Looxid Labs, Seoul, 06628, Republic of Korea.
BK21 FOUR Intelligence Computing, Seoul National University, Seoul, 08826, Republic of Korea.
Sci Rep. 2021 May 5;11(1):9543. doi: 10.1038/s41598-021-88623-8.
GPCR proteins belong to diverse families of proteins that are defined at multiple hierarchical levels. Inspecting relationships between GPCR proteins on the hierarchical structure is important, since characteristics of the protein can be inferred from proteins in similar hierarchical information. However, modeling of GPCR families has been performed separately for each of the family, subfamily, and sub-subfamily level. Relationships between GPCR proteins are ignored in these approaches as they process the information in the proteins with several disconnected models. In this study, we propose DeepHier, a deep learning model to simultaneously learn representations of GPCR family hierarchy from the protein sequences with a unified single model. Novel loss term based on metric learning is introduced to incorporate hierarchical relations between proteins. We tested our approach using a public GPCR sequence dataset. Metric distances in the deep feature space corresponded to the hierarchical family relation between GPCR proteins. Furthermore, we demonstrated that further downstream tasks, like phylogenetic reconstruction and motif discovery, are feasible in the constructed embedding space. These results show that hierarchical relations between sequences were successfully captured in both of technical and biological aspects.

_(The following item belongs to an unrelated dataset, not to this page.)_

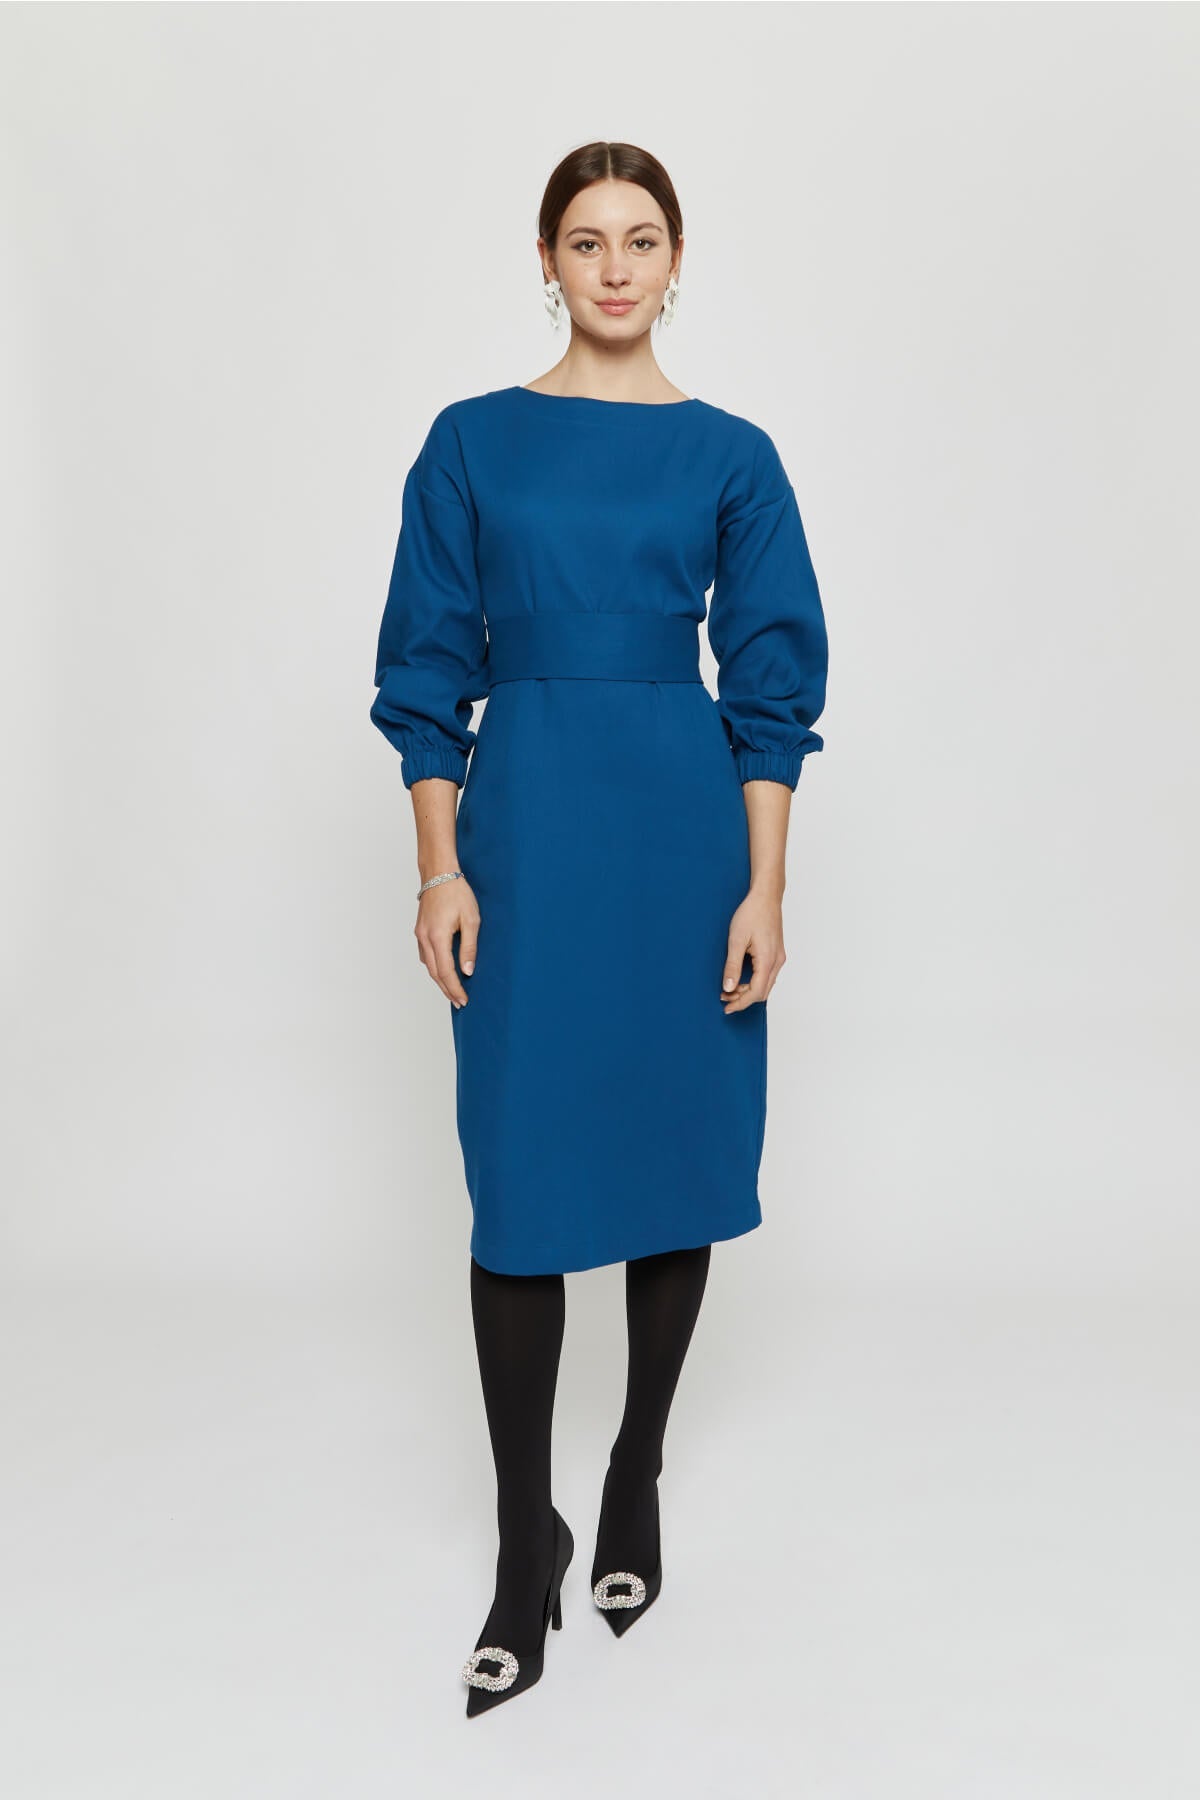 Blaues, langärmliges Kleid Stefanie aus 100% Bio-Baumwolle von Ayani

G 蛋白偶联受体(GPCR)蛋白属于多种蛋白质家族,这些家族在多个层次上进行定义。检查 GPCR 蛋白在层次结构上的关系很重要,因为可以从具有相似层次信息的蛋白质中推断出蛋白质的特性。然而,GPCR 家族的建模分别针对每个家族、亚家族和亚亚家族进行。在这些方法中,忽略了 GPCR 蛋白之间的关系,因为它们使用几个不相关的模型处理蛋白质中的信息。在这项研究中,我们提出了 DeepHier,这是一种深度学习模型,可以从蛋白质序列中使用统一的单个模型同时学习 GPCR 家族层次结构的表示。引入了基于度量学习的新损失项,以在蛋白质之间纳入层次关系。我们使用公共的 GPCR 序列数据集测试了我们的方法。在深度特征空间中的度量距离与 GPCR 蛋白之间的层次家族关系相对应。此外,我们证明,在构建的嵌入空间中,进一步的下游任务,如系统发育重建和模体发现,是可行的。这些结果表明,在技术和生物学方面都成功地捕获了序列之间的层次关系。